▸ WHAT YOU SHOULD DO
Could you restate the data below word for word, without its pictures?

▸ GIVEN MATERIAL
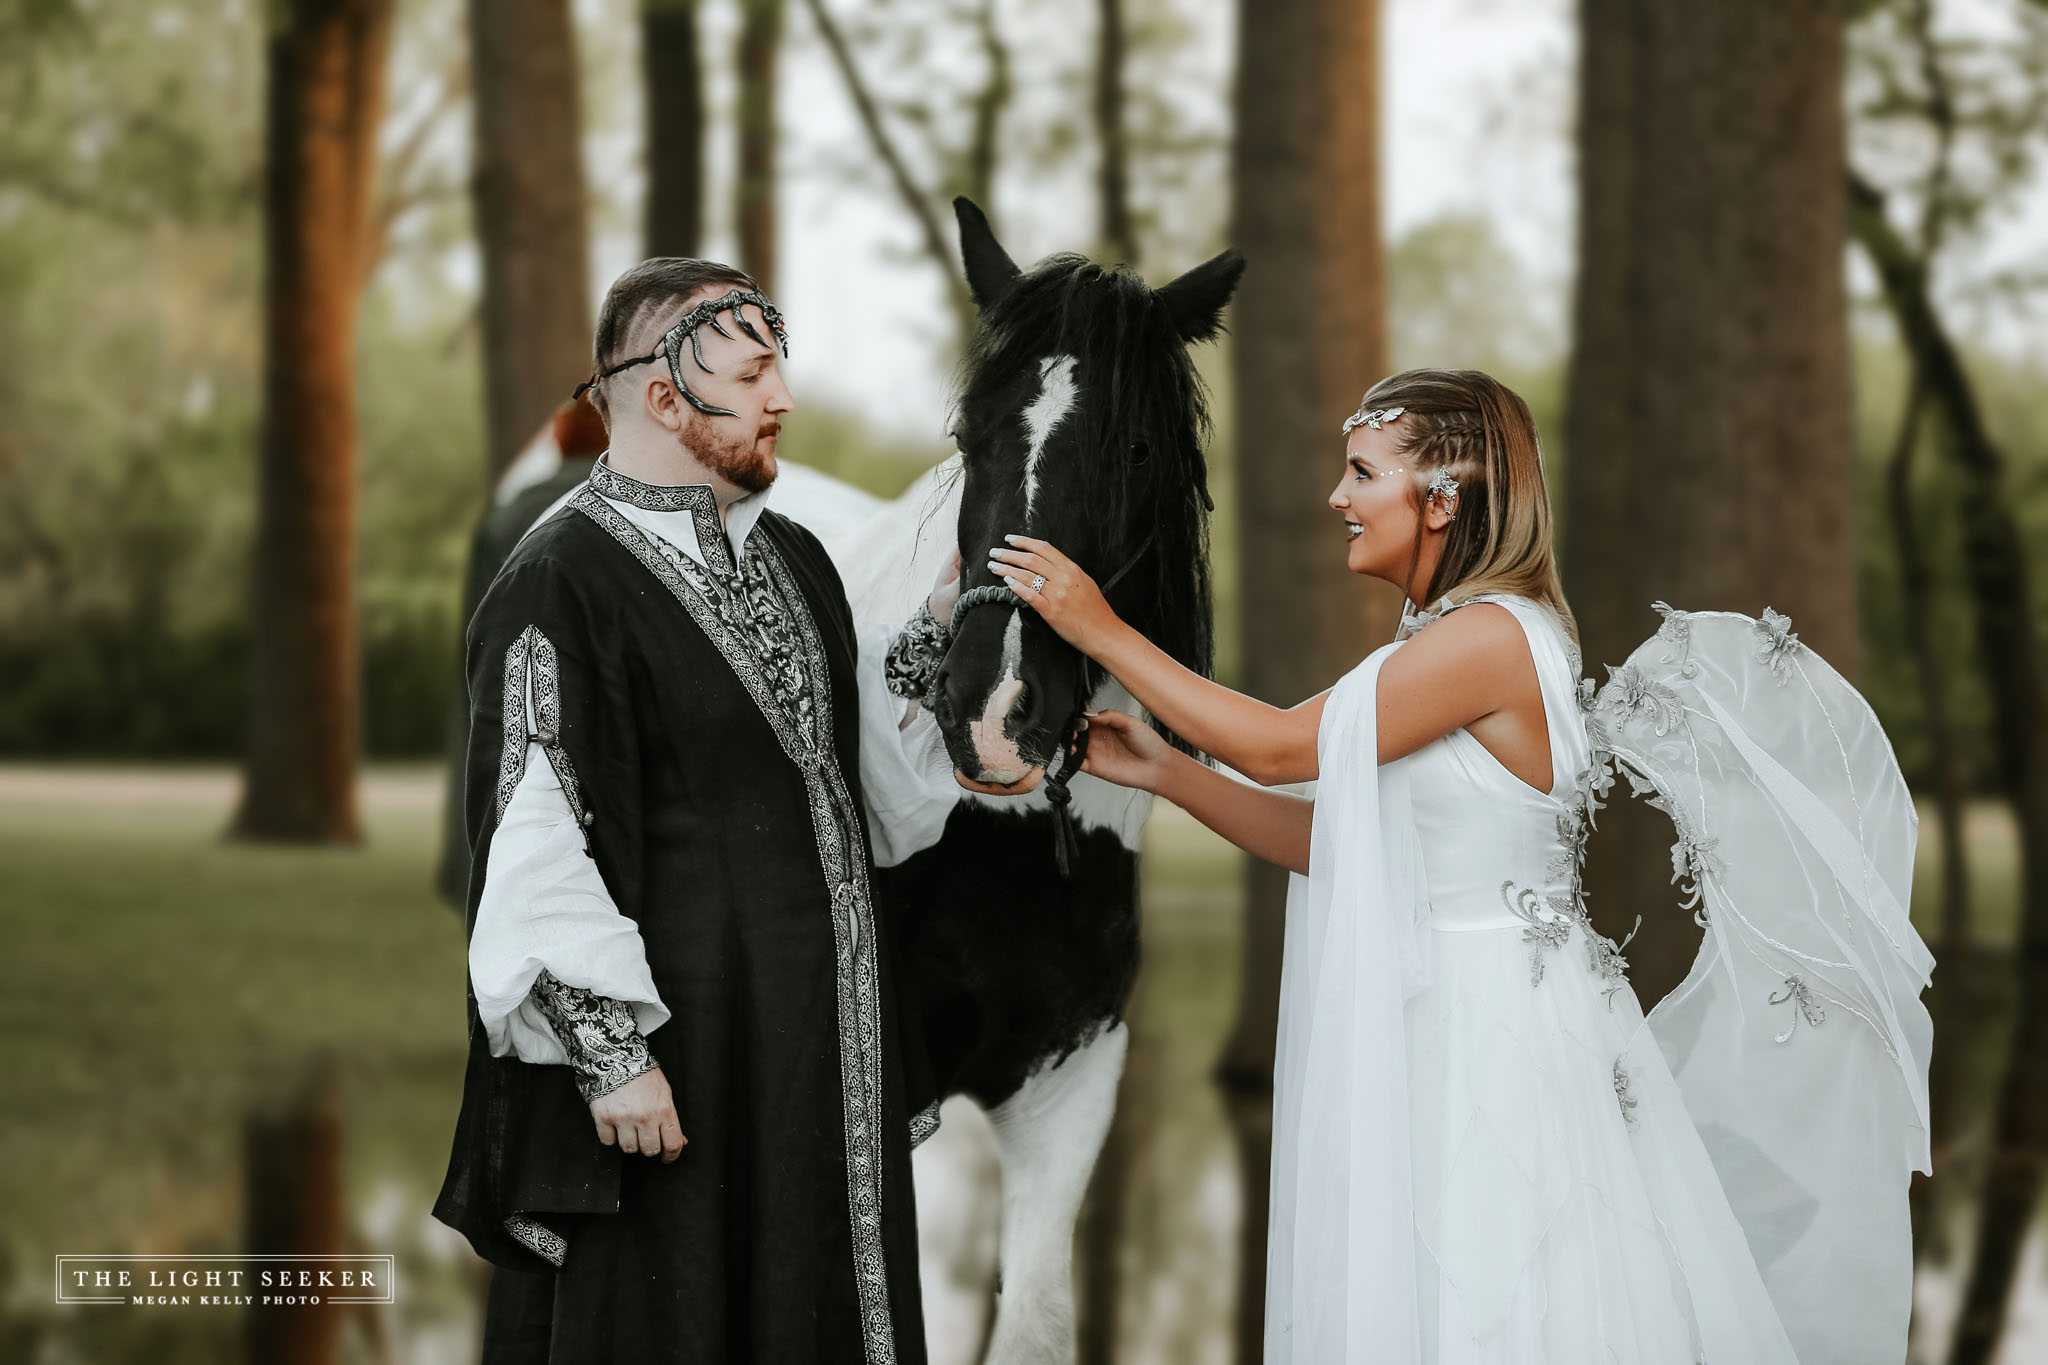 fantasy wedding theme
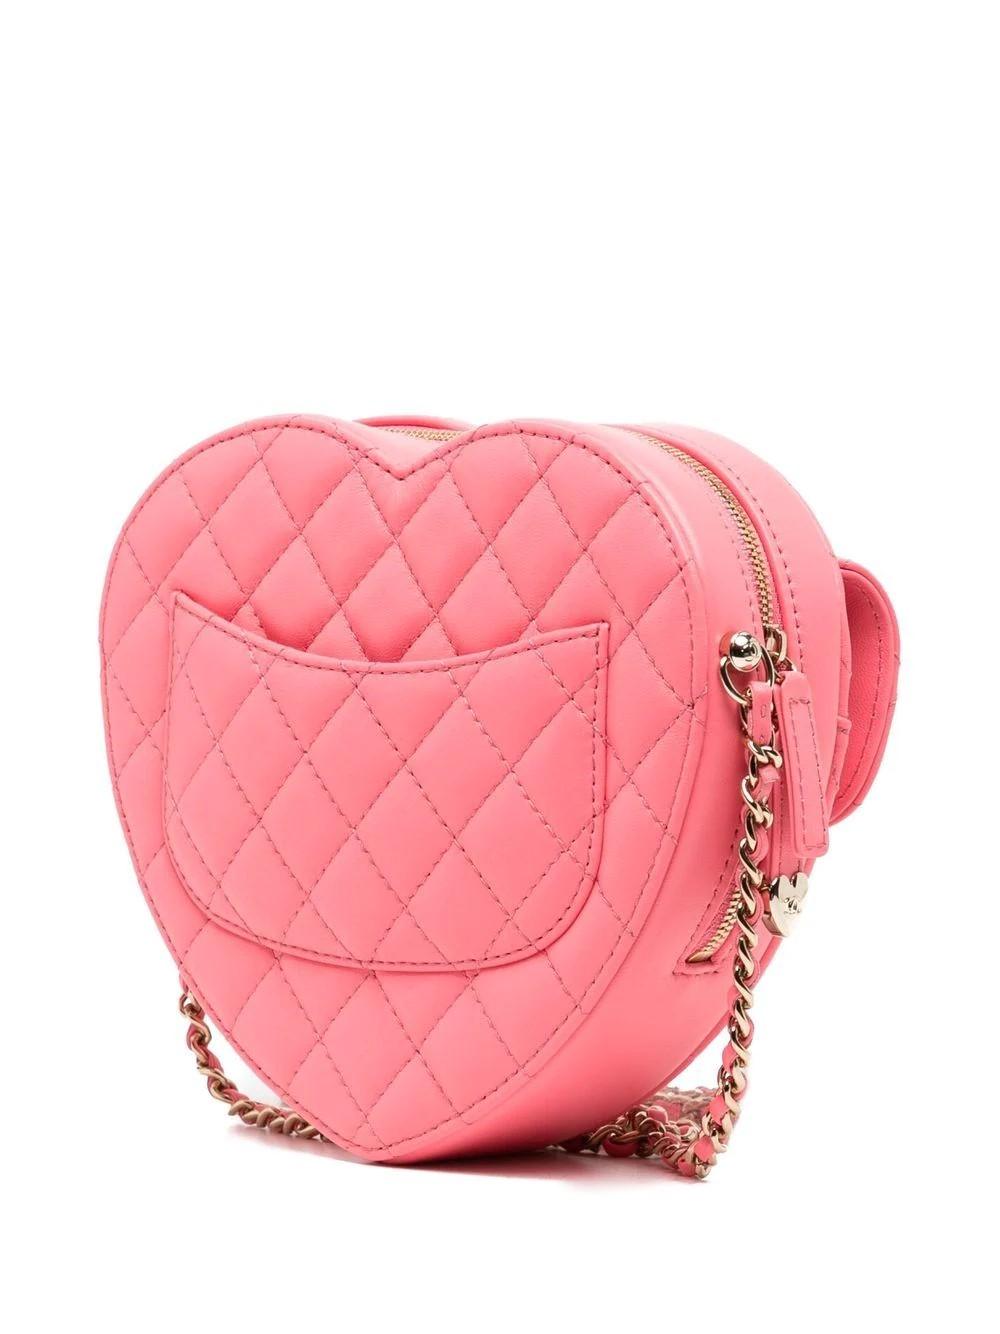 Ce luxueux sac Pink Heart de la collection Chanel SS22 offre un design amusant et unique avec une belle finition en cuir. Doté d'un matelassage diamant doux et souple, d'une bandoulière en chaîne, d'une fermeture zippée à double sens et d'une
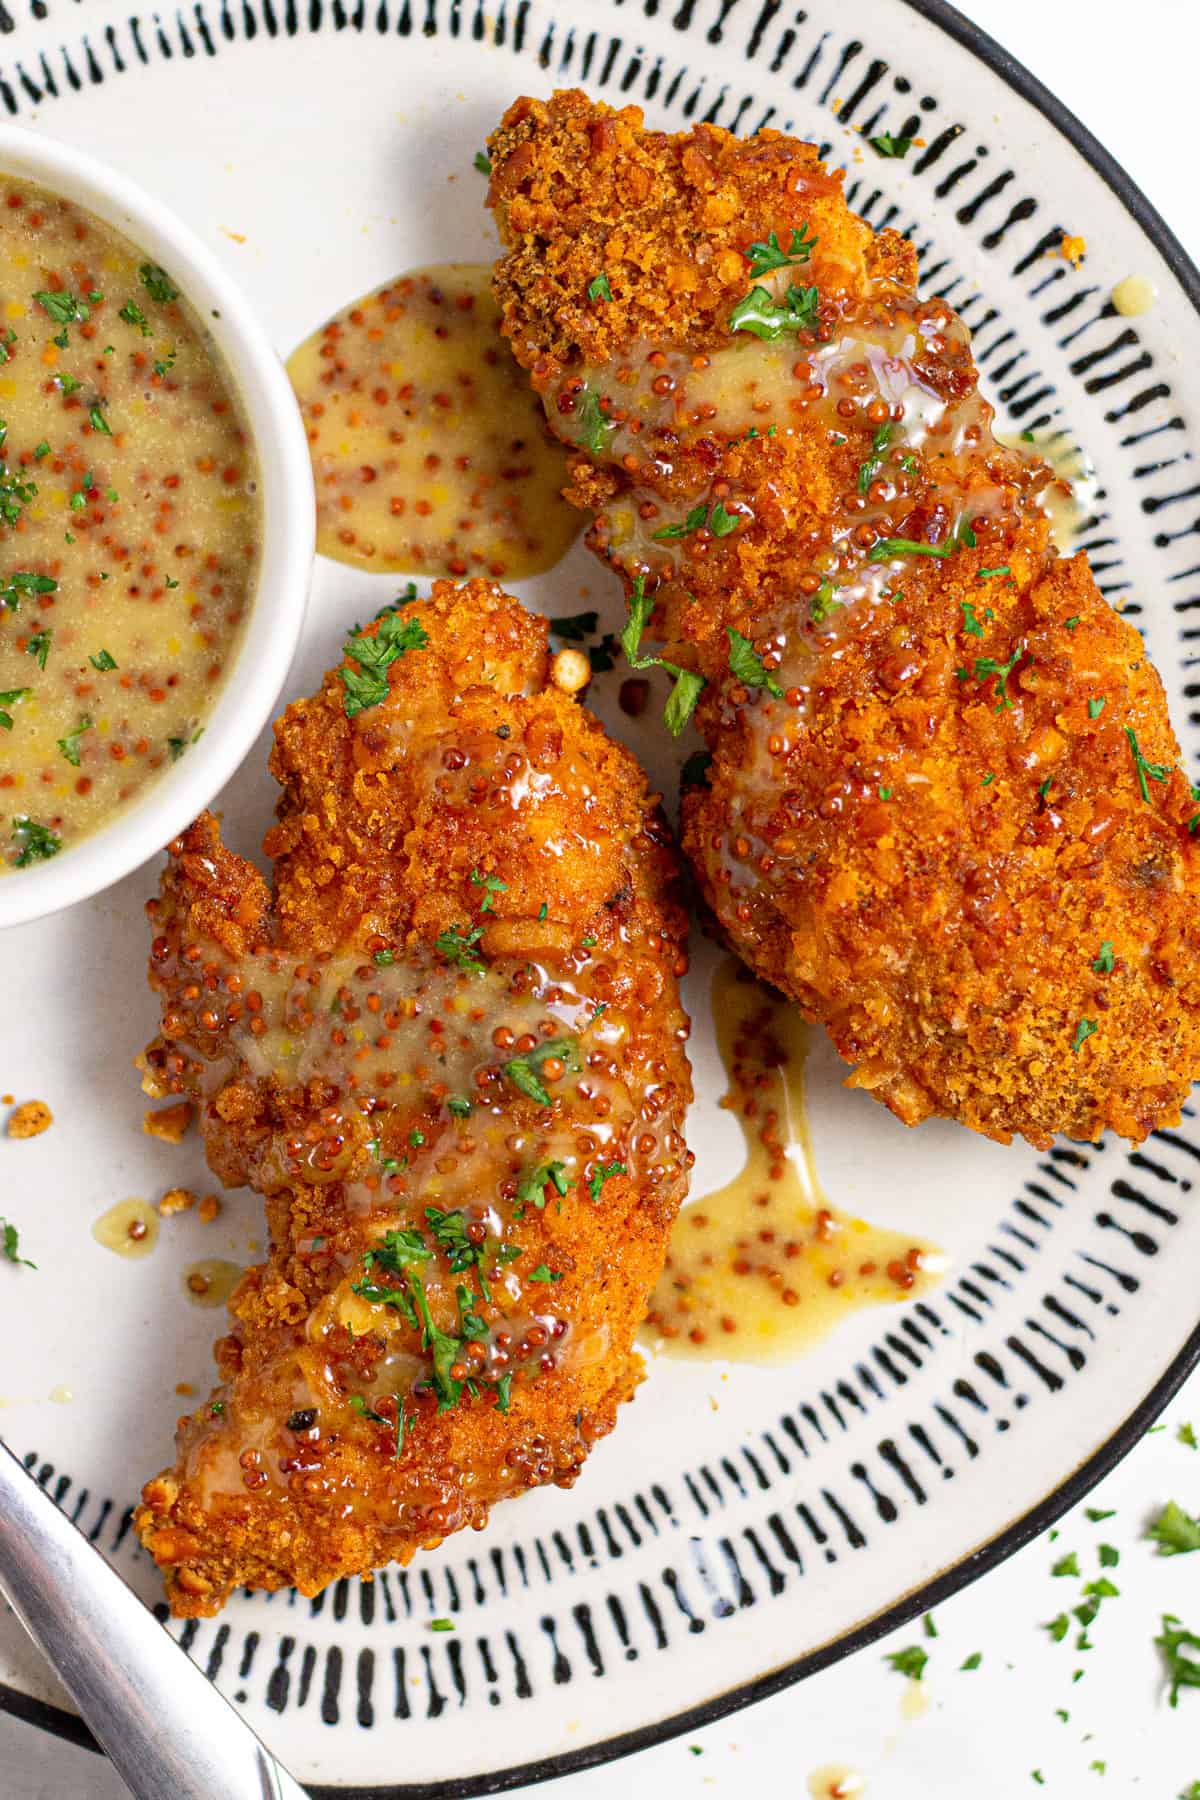 Meal plan 230: Baked chicken tenders at Midwest Foodie

▸ ANSWER BELOW
 fantasy wedding theme
 Ce luxueux sac Pink Heart de la collection Chanel SS22 offre un design amusant et unique avec une belle finition en cuir. Doté d'un matelassage diamant doux et souple, d'une bandoulière en chaîne, d'une fermeture zippée à double sens et d'une
 Meal plan 230: Baked chicken tenders at Midwest Foodie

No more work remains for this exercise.